Cecelia seems to be enjoying herself well enough, but now that he has made it into her bed, he’s less excited than he planned to be. He’s only, say, 80 percent excited and, given the effort of wooing her over the last few weeks, he had planned to be 110 percent excited. Her body, which had practically made him come the first time he saw her, now seems more like a geographical task—he has to make his way from mouth to shoulders, to neck, to tits (nice tits—he hasn’t lost his esthetic sense), to waist, to pubic hair, to labia, etc.
Those Latin American and Eastern European novelists aren’t any help here. They live inside the mansion of female desire as if it is their right. Their own desire is a nice healthy dog on a string, ready to eat, fuck, fetch, piss on the bushes. Clearly Tim’s desire is unreliable compared to that, and he hardly lives in a mansion of female desire. Cecelia, whose fault all of this must be, has made this simple act such a big deal that it’s simultaneously demeaning and frightening. If she’d just let him fuck her when he wanted to fuck her, the way women in Eastern Europe and South America did—
But it is a mistake both moral and practical to stray into that sort of bad thinking. He likes Cecelia, he really does, as much as he likes anyone these days. She has virtues and charms where other people don’t even have qualities. The fact is, he is happy to be with Cecelia right now. He just would prefer being somewhere else with her. She
opens her eyes and looks at him. He brushes her hair out of her face and smiles at her with honest affection. She says, “Tim?”
He resumes thrusting.
E
VEN THOUGH
it’s after midnight, and Mrs. Walker and her companion, Mrs. Lake (they know each other as “Loraine” and “Martha,” of course, but everyone else they see, day in day out, from Loraine’s coworkers to Martha’s fifth graders, calls them “Mrs.”), are wide awake.
Martha says, “So the twin is getting married? Unbelievable.”

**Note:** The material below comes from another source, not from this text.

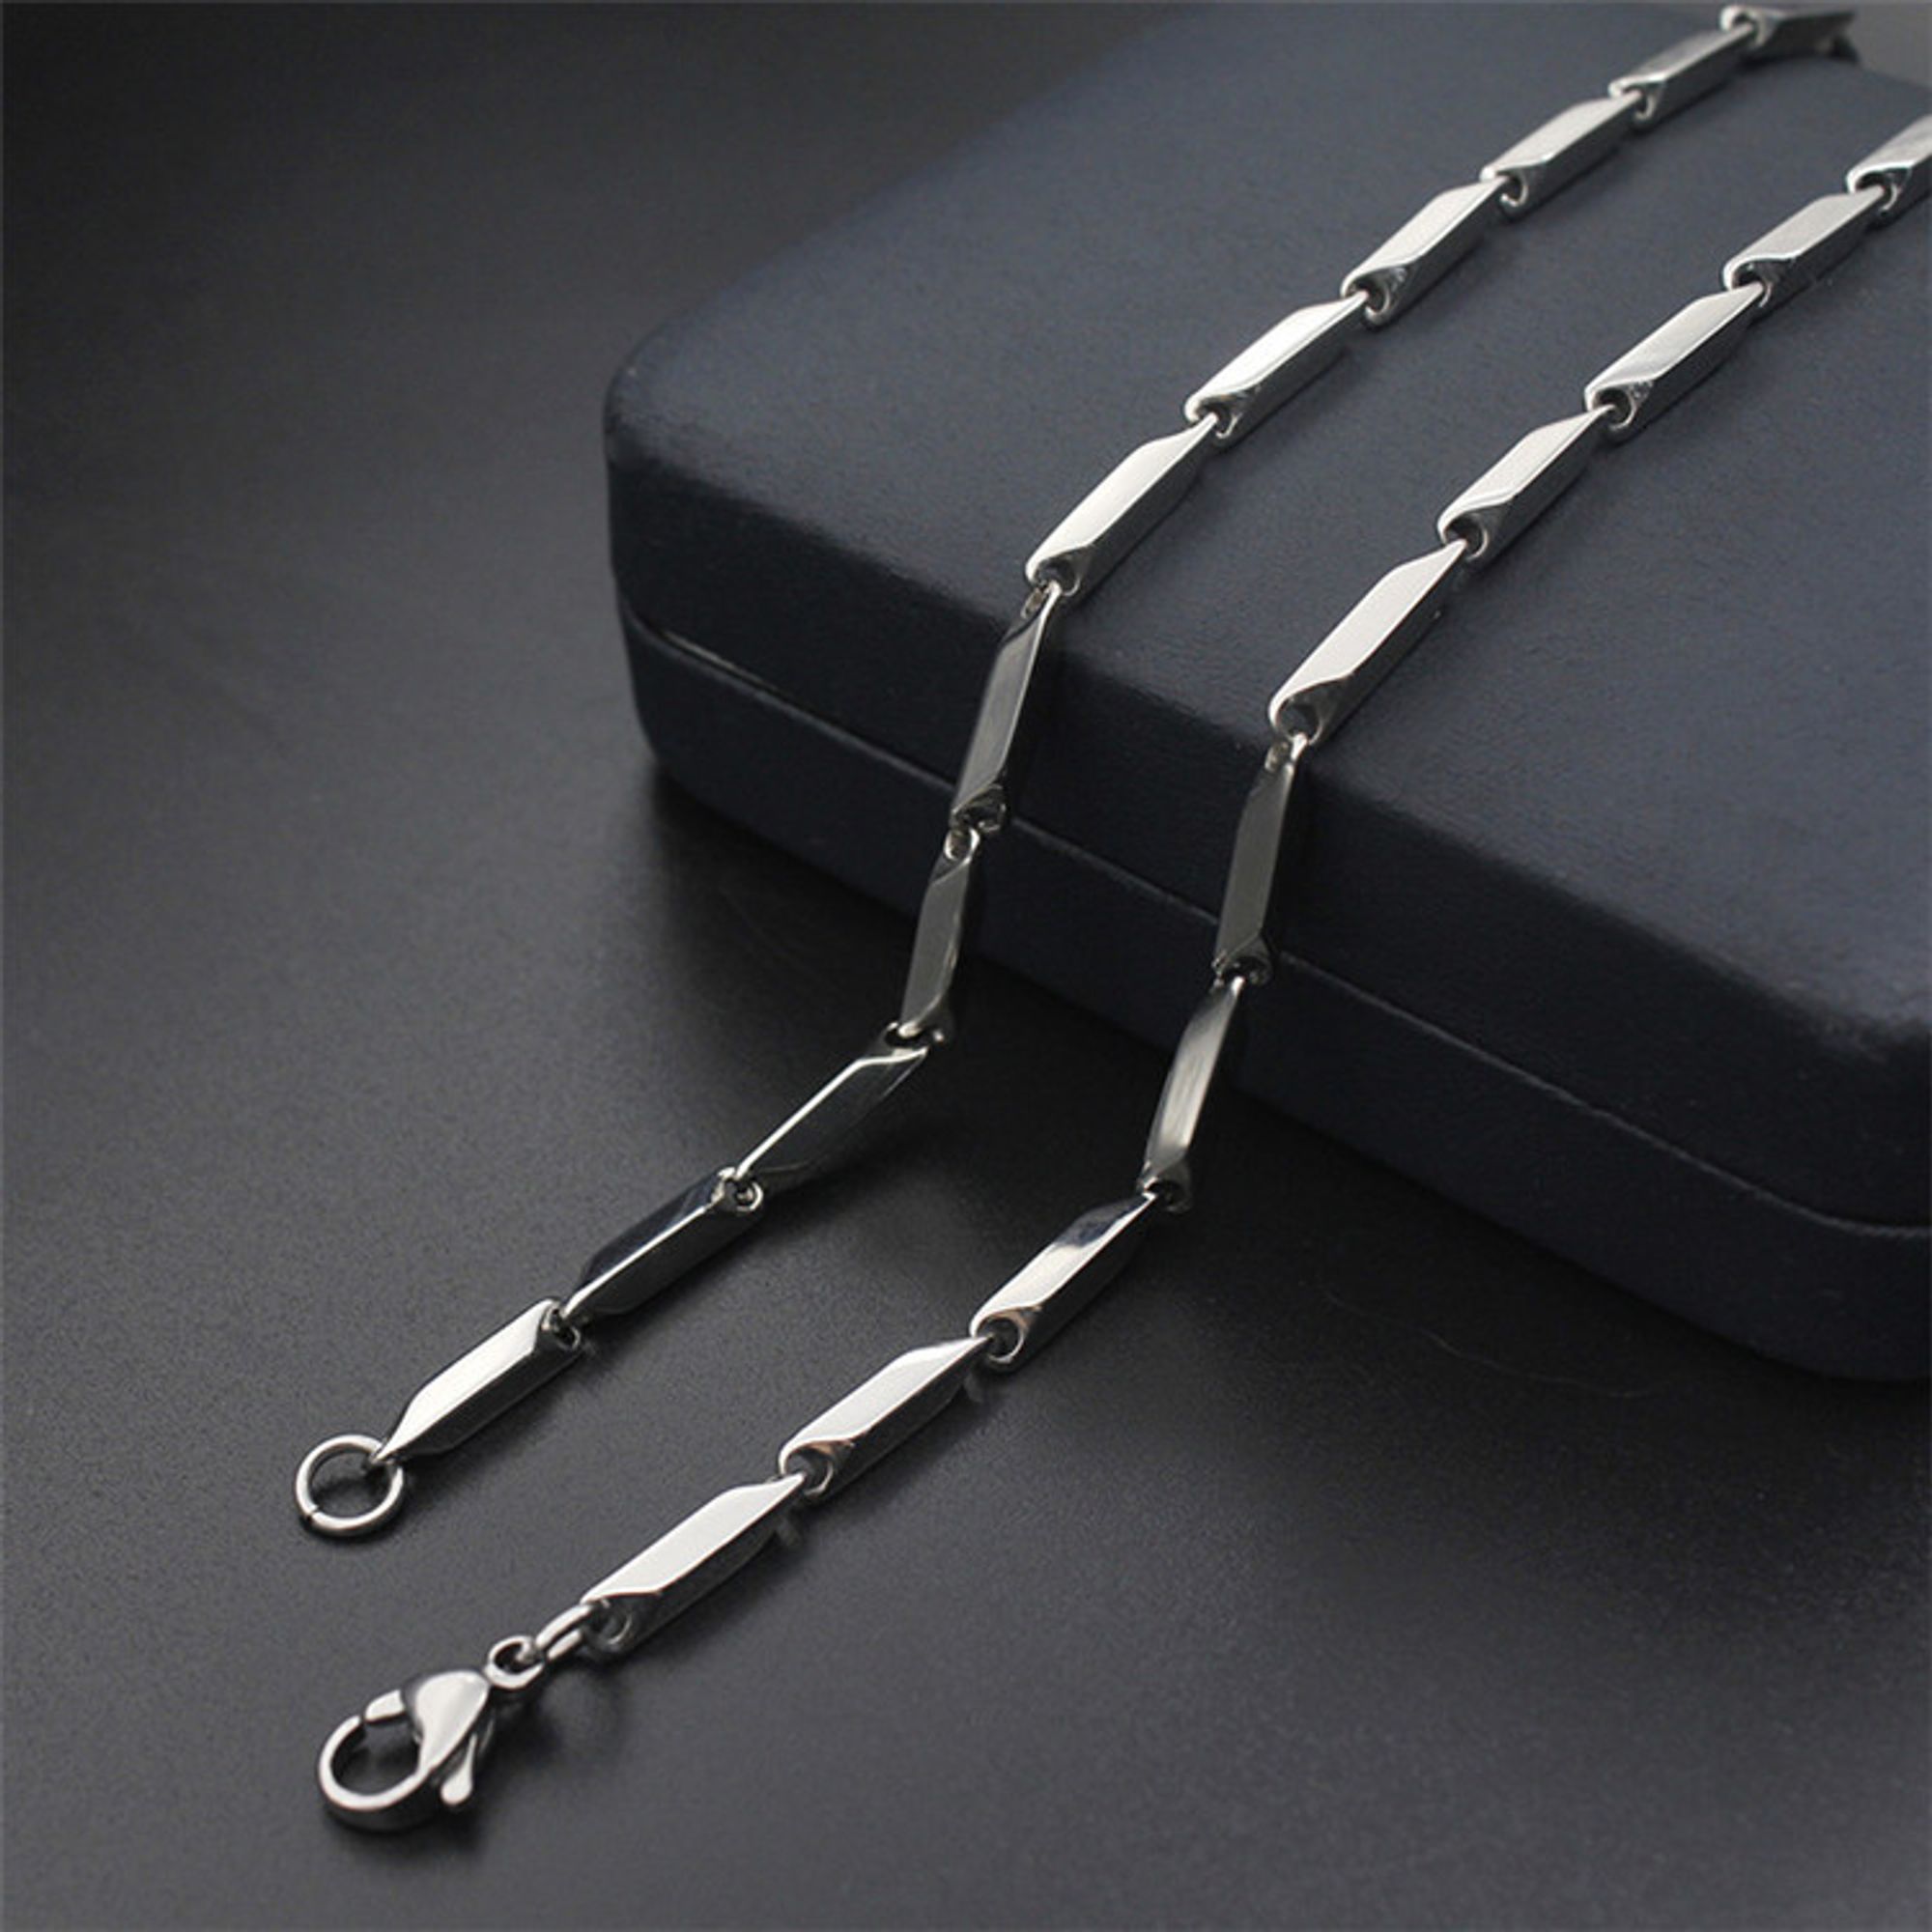 Buy Golden Chain for Men Rice Chain for Boys Classic Stainless Steel Golden  Rice Chain Necklace for Men and Boys. at

“Mark my words it won’t happen. She’ll call it off.”
“Who is it?”
“Marly Hellmich. She works in the kitchen over at the Union. The father used to work in the machine shop until they fired him for drinking on the job. The mother was a nice woman. Of course she set herself to be long-suffering, just like it was a degree you could get.”
“Dead?”
“Liver cancer.”
“How did you know her?”
“How do I know anybody? I just did. She was around, I was around.”
“What does Ivar think?”
“He was surprised, but he’s so bound up in this other stuff that he hasn’t reacted very strongly. I say good riddance. They’ve been twins long enough.” Martha reaches over and touches Loraine’s bare breast affectionately, and Loraine’s gaze lingers over Martha’s similarly bare breasts—similarly bare and similar breasts—they have come to look a lot alike over the years. Loraine loves the thin, stretched feeling of the skin of Martha’s breasts, especially underneath. It is the most delicate tissue—living, pale, warm, as smooth as the way water looks pillowing over a rock in a stream. She smiles, thinking that the next day is Sunday and they can stay up all night if they wish.